Benjamin Graham's Intelligent Investor hit the shelves, and legent has it that Warren, with a newly rekindled interest in investing and the business world, decided to put the finishing touches on his business education by attending Harvard Business School. Again, a poor match. Warren was rejected, as the story goes, after a 10-minute interview. Perhaps the admissions department had already reached its quota of Nebraskans.

Warren bounced back quickly from this setback and applied to Columbia Business School. Then and there, Buffett hooked up with Benjamin Graham. The rest, as they say, is history.

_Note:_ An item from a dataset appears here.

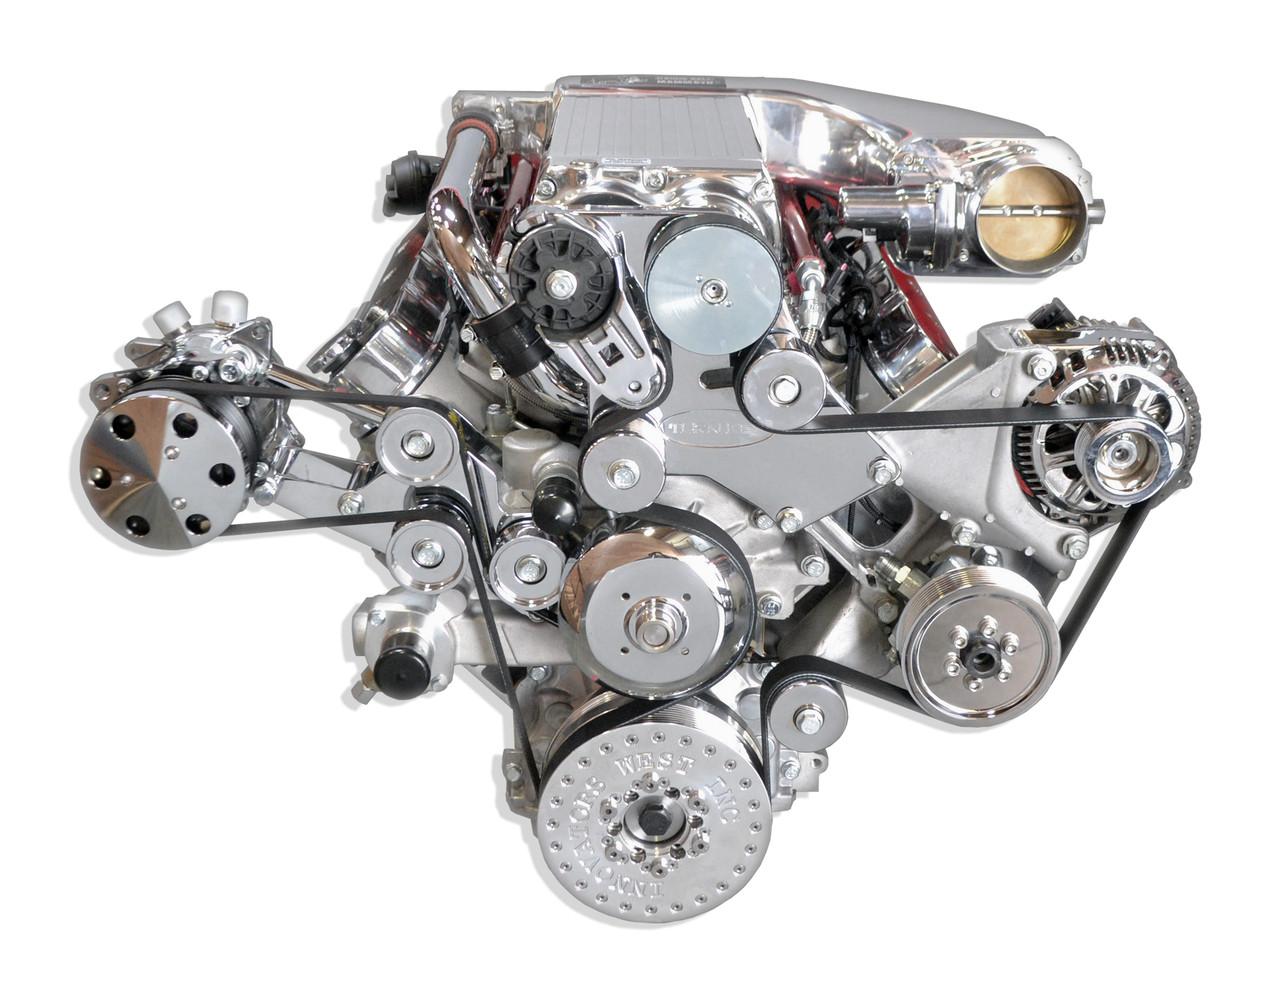 Turn Key Engine 887003 LS7 7 0L 820 HP Turn Key Supercharged Assembly -  Street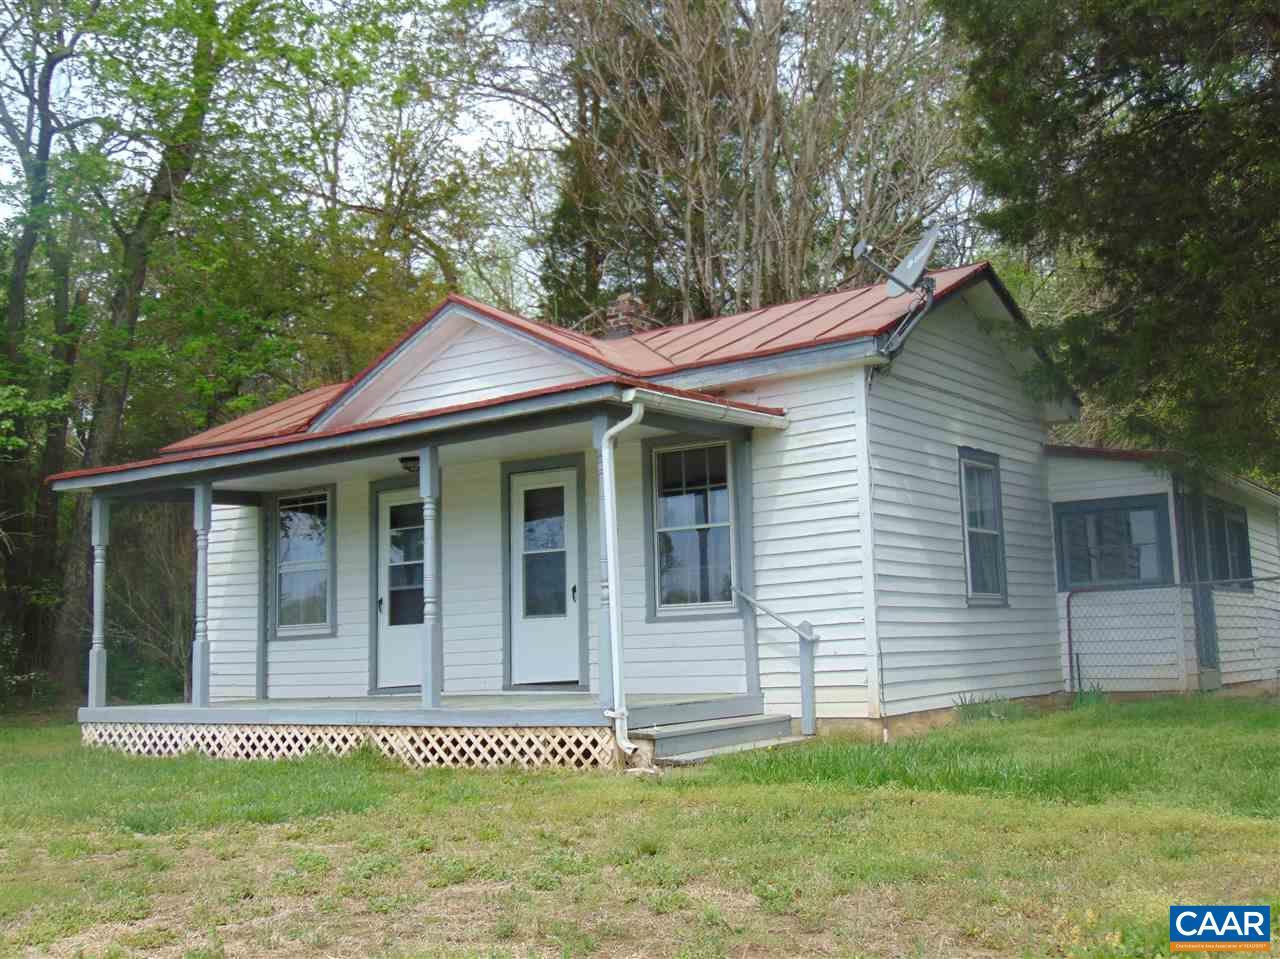 301 BANNISTER TOWN RD, LOUISA, VA 23093

Warren took to Graham's preachings. The two bantered in engaging dialogue from the opening bell to the end of class. Warren graduated in a year with a Master's in Economics. More important, he left with a philosophy of investing based on valuing companies and finding undervaluation in the market-place.

Buffett returned to work in his father's brokerage firm and later went to work for Ben at Graham's brokerage firm, Graham Newman. There, he learned to manage investment portfolios and use insurance assets as an effective investing vehicle.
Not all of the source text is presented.